Artists like the Dixie Chicks also say that downloading music is wrong.
"It may seem innocent enough, but every time you illegally download music a songwriter doesn’t get paid," the Chicks said in the same AP wire article.
Has downloading become a moral issue?
Natalie Maines, your cowboys are already taking you and your sisters away into a world of wealth. Not to mention how much money you made on your new CD, "Home," which debuted at No.1 on the Billboard Country Album Charts. I doubt you will be left homeless because of the loss of a few bucks.
In an article from DeansPlanet.com, the editor-in-chief, Dean, disagrees with music artists campaigning against downloading and said, "How much money do these freaks need?" Exactly. You’re right Dean, especially when you said that the record industry and executives need to change the way they operate by either lowering the price of CDs or taking a pay cut.
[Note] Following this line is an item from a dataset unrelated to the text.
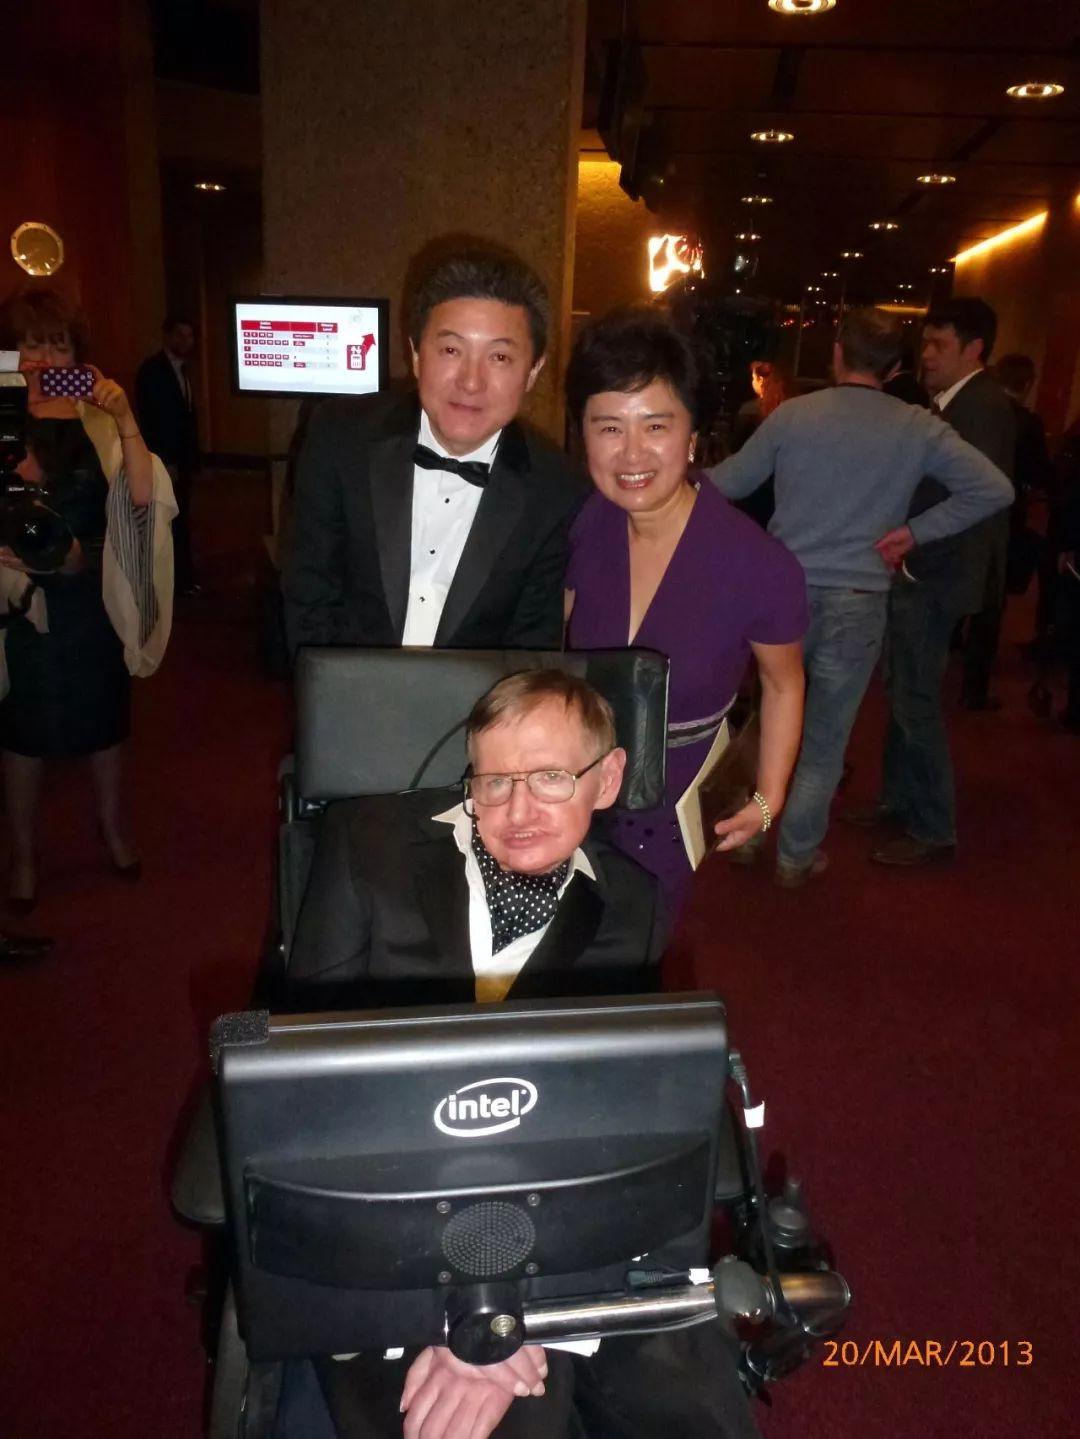 当地时间2013年3月20日晚,瑞士日内瓦,美国斯坦福大学华人物理学教授张首晟(左)获尤里基础物理学前沿奖。他与夫人余晓帆(右)与同日获得稀奇奖的英国物理学家霍金(前)。尤里基础物理学奖由俄罗斯亿万富翁及风险投资家尤里·米尔纳于2012年7月成立,在全球周围内奖励特出理论物理学家。   图片来源:中国讯息图片网张首晟挑供

The price of a CD is expensive, and paying $20 per month for access to the Internet is a bargain for people. Will Doherty, a spokesman for an online civil liberties organization, said that by arguing MP3 downloading, artists are destroying a new technology that provides alternative means of music distribution.
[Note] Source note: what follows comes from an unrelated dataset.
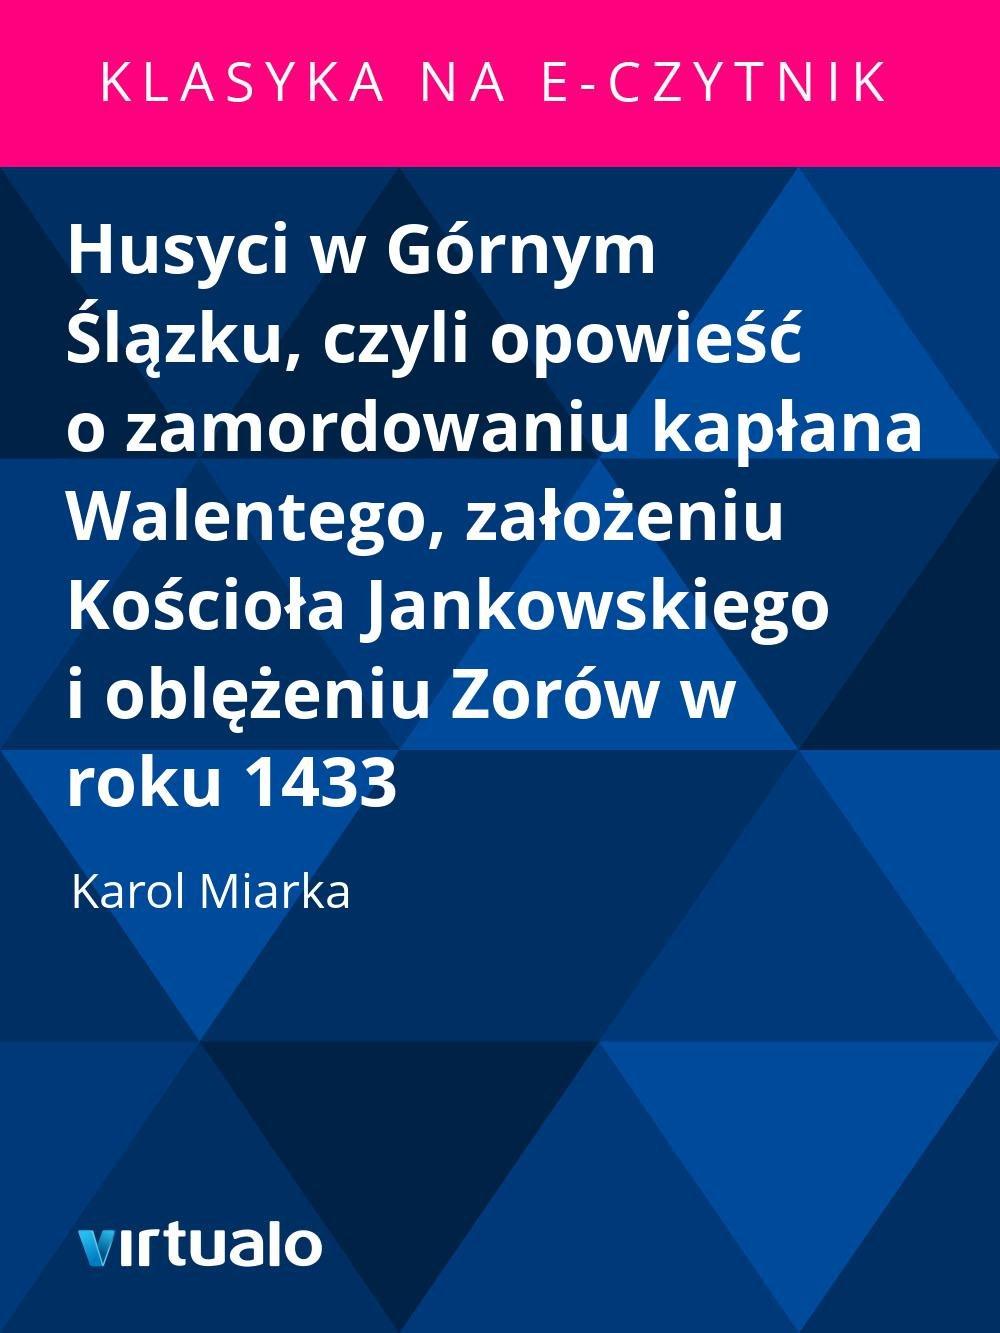 Husyci w Górnym Ślązku, czyli opowieść o zamordowaniu kapłana Walentego, założeniu Kościoła Jankowskiego i oblężeniu Zorów w roku 1433 - Ebook (Książka EPUB) do pobrania w formacie EPUB

Local artists and bands who are just beginning did not have a voice among the 90 artists, leading me to believe that they are satisfied when people listen to their music, whether it’s free or not. Despite the fact that they are struggling to gain popularity; if people are listening to their music then that’s enough for them. If listeners hear new artists’ hits online and like them, the odds of these people going out and buying the CD in the future is high.
Until artists can figure out a way to profit from the technology of MP3 downloading, they probably won’t be happy. They should keep their opinions about it to themselves.